** DATA FOR PROCESSING follows **

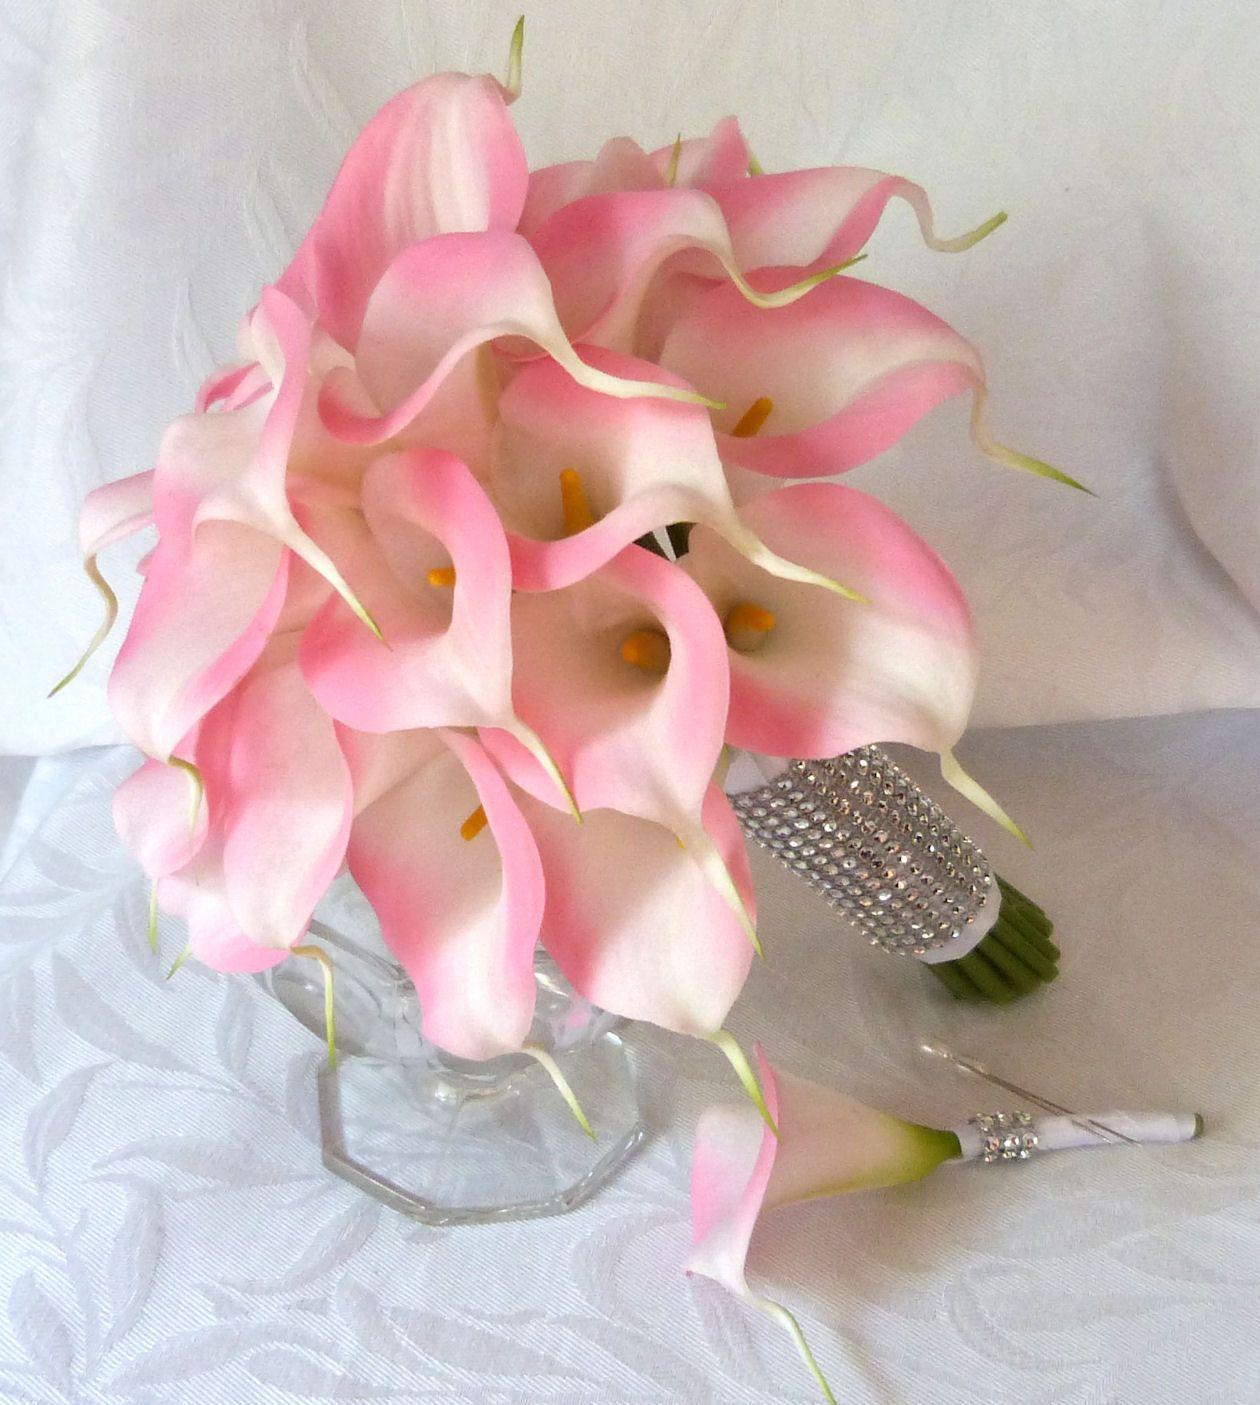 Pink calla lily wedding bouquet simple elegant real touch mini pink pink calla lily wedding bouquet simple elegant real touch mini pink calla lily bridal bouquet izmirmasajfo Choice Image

** End of DATA FOR PROCESSING **
** DATA FOR PROCESSING follows **

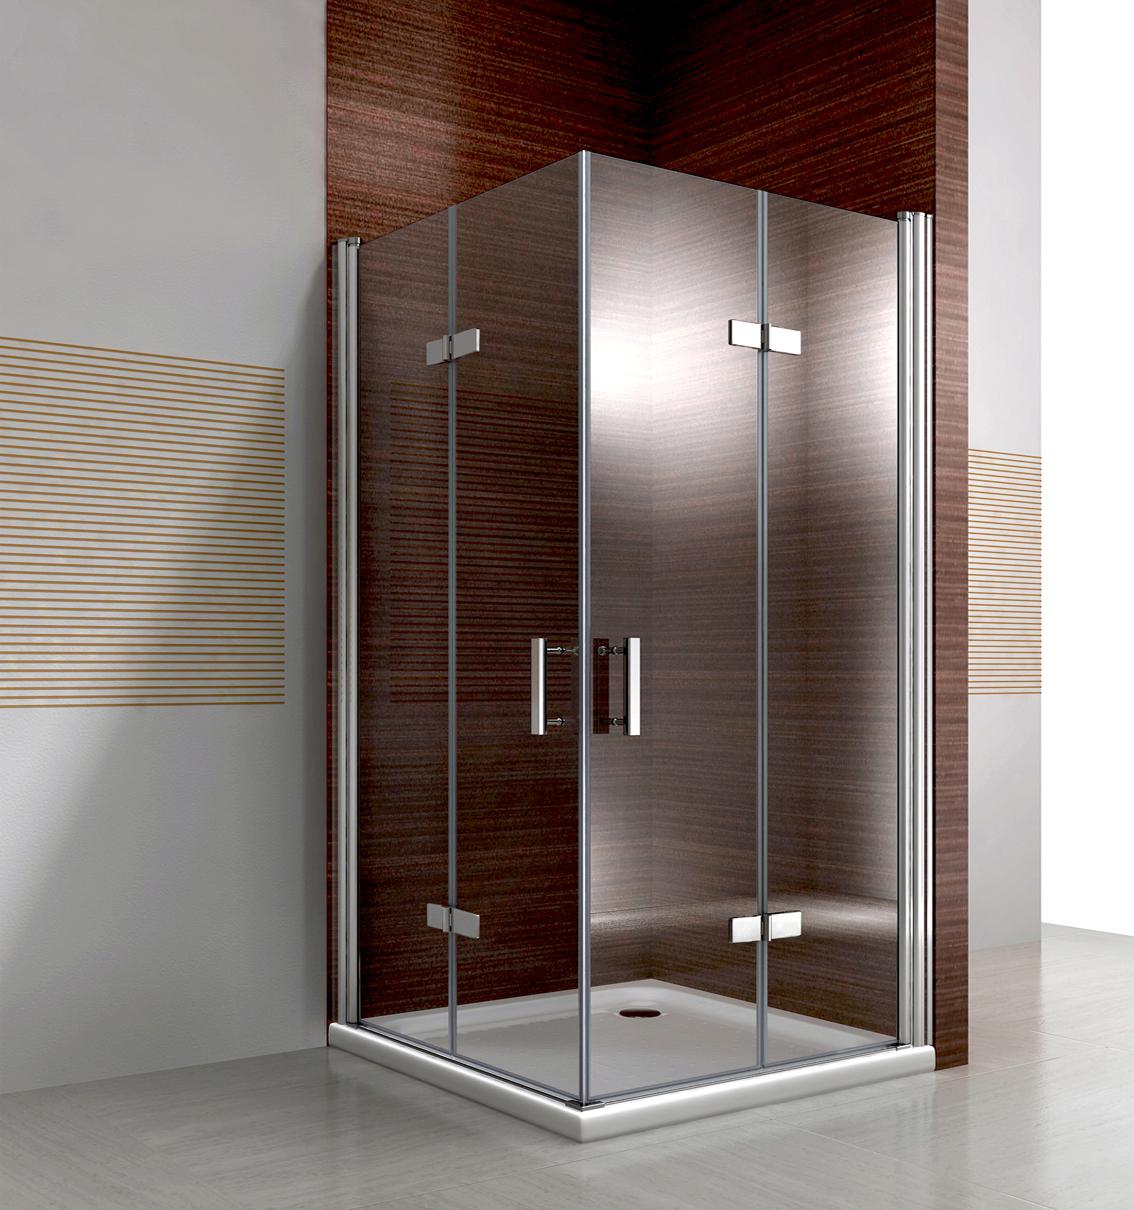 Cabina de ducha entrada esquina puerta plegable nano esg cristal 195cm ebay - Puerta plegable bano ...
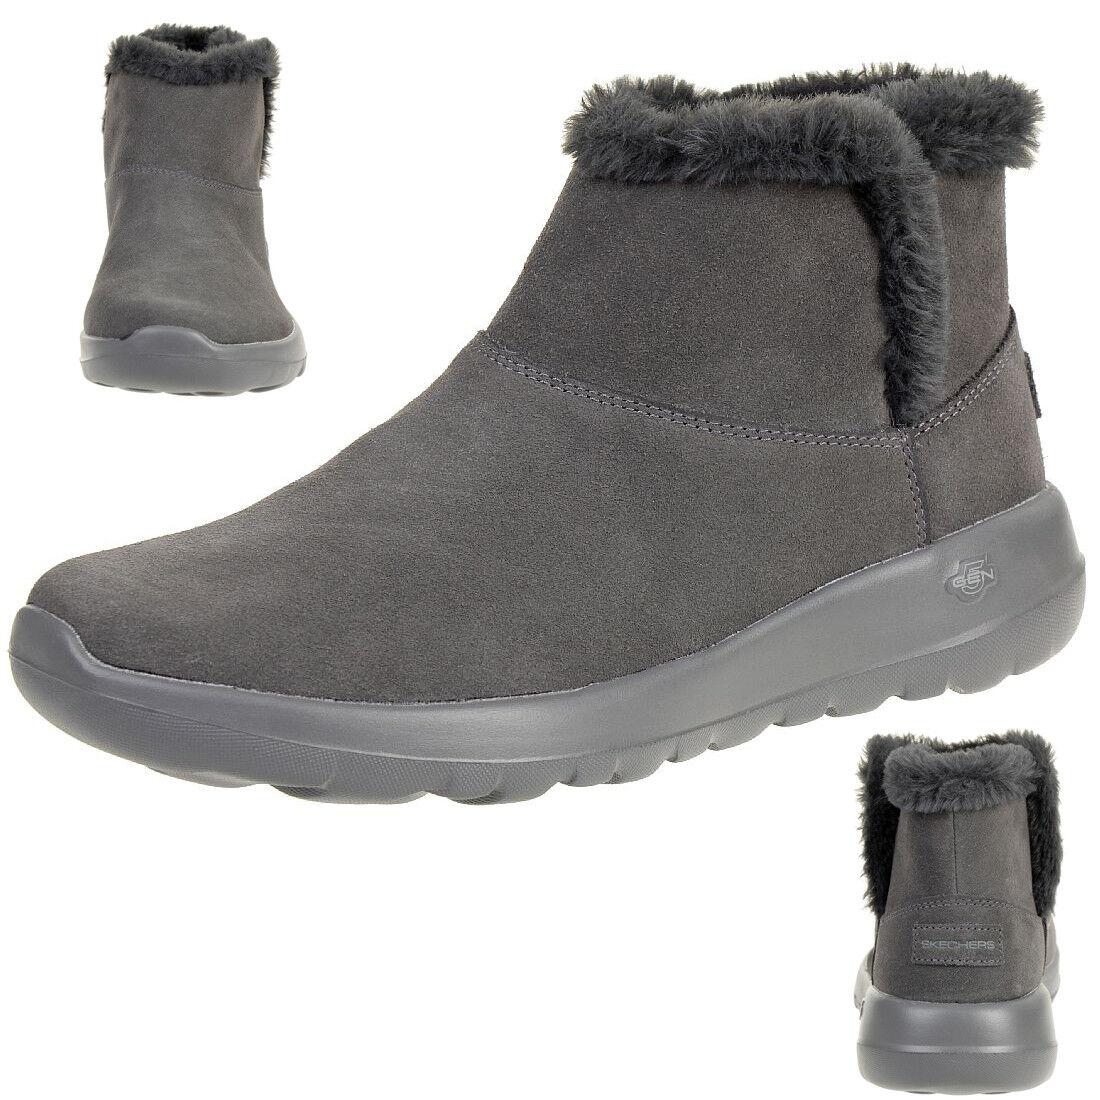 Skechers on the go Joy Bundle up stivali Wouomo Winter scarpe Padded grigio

** End of DATA FOR PROCESSING **

Please output the lines above beginning at the line with "Cabina de ducha" and ending after the line with "Skechers on the", precisely as written and with no pictures.

ANSWER FOR THIS EXERCISE:
 Cabina de ducha entrada esquina puerta plegable nano esg cristal 195cm ebay - Puerta plegable bano ...
 Skechers on the go Joy Bundle up stivali Wouomo Winter scarpe Padded grigio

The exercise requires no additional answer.